The door opened into a small office. Three narrow windows lined the top of the room and cast the dim mixture of streetlight and starlight over two large file cabinets, a desk with chairs on each side, and a storage cabinet. He entered and closed the door behind him quickly. He looked around the floor and under the desk to ensure there were no surprises—no killers or victims. After turning the lock on the door handle, he put his back against the wall between the desk and the file cabinets standing behind it. He slid down the wall, exhaling as if his body were deflating.
Rickett found his current situation ironic. Here was a man who had done what he could to stay away from the city, the buzz of progress and innovation, after he suffered the loss of his children. Now, when he returned to the city, he was alone.
He pulled the keychain out of his pocket, slipping his finger through the ring and mindlessly spinning the keys forward and then backward, stopping after a few spins to thumb the tennis racquet trinket.
She could be out there, he thought, and so could Gavin’s parents. So what do I do? Go back to the ways of solitude? Become a hermit again? I can’t go back home. Home is gone, overrun by the dead.
He pulled his knees to his chest and rubbed his sore ankle.
Tomorrow will bring daylight, and then I can move on. Forward motion. Just keep the teeth and bullets away for another day. And then one foot in front of the other, slow and steady. There has to be someone, some place where killing isn’t the only way to survive. People will be working together to exist and remain beyond this disaster.
There are still humans out there. There must be. And I will find them.
Exhaustion overwhelmed Rickett, and he slept. He dreamed of teeth, death, and anguish. He dreamed of rot, chaos, and ruin. Had anyone been around the building, he or she would have heard the hoarse screams evoked by his nightmares.
But the town, for now, lay dead in the night.
A revving engine and honking horn woke him.

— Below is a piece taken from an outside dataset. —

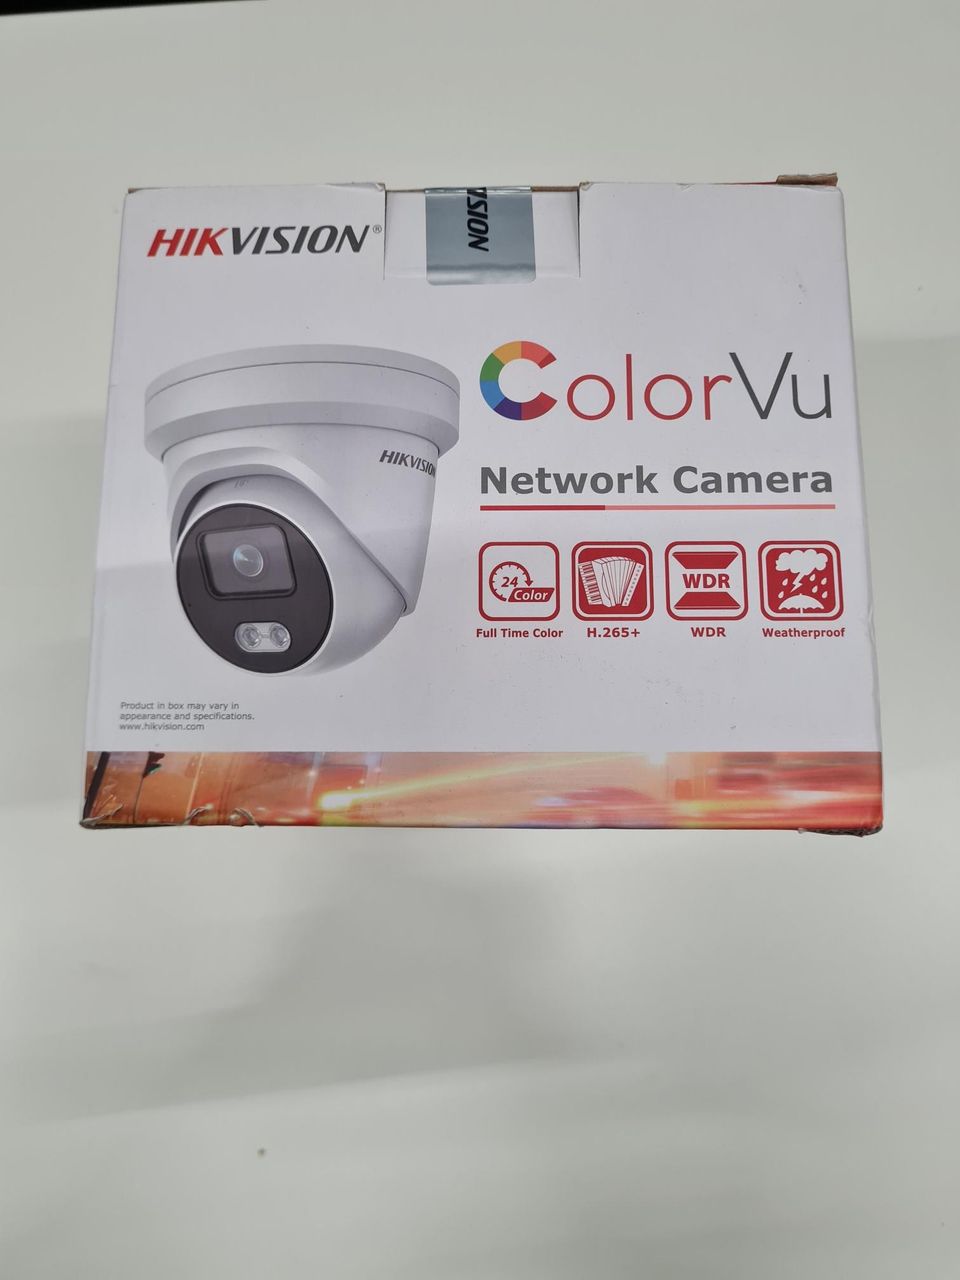 HiK-vision colorVu valvontakamera

His hands immediately went to the weapons before he even opened his eyes. Sunlight shown through the narrow windows above the file cabinets and he could truly see his surroundings for the first time.

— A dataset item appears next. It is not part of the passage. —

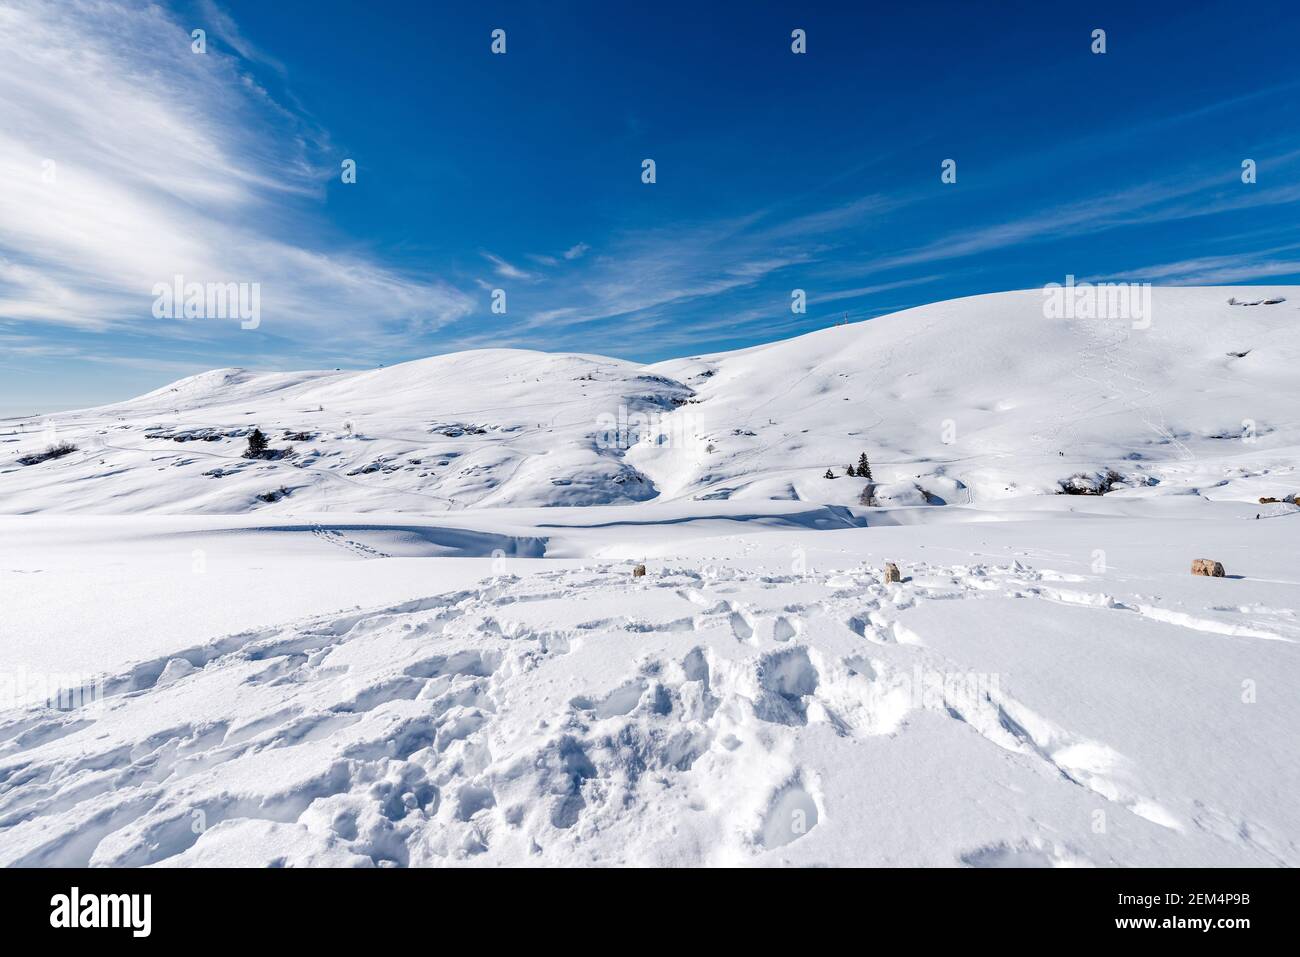 Landscape of the Lessinia Plateau in winter, Regional Natural Park, near Malga San Giorgio, ski resort in Verona province, Veneto, Italy, Europe. Stock Photo

Men yelled back and forth with purpose instead of anger. This was no heated argument or confrontation; this was, as far as Rickett could tell, men covering distance and communicating their findings. He moved the office’s desk toward the cabinets and climbed on top to look through the narrow window.
The men weren’t military. They had resources: trucks, gas, and weapons. But they lacked clear procedures, leadership, and tactics. They yelled to each other as they loaded bags into the bed of a black pickup truck. These were common men, civilians armed and working towards a common goal. A white cargo van drove into the scene playing out in the four lane road in front of the bowling alley. It slowed and came to a stop, the driver communicating something to a man standing in the road in blue jeans and a long sleeve shirt. The van drove off shortly after. The blue jeaned man then climbed into the black truck’s cab, yelled something, and pointed in the direction of the school. Another engine roared to life. Doors slammed. The men drove off. Rickett listened to the engines fade.
Yes, others are out there, he thought. And they’ll be back. The only things in that direction are fire and death.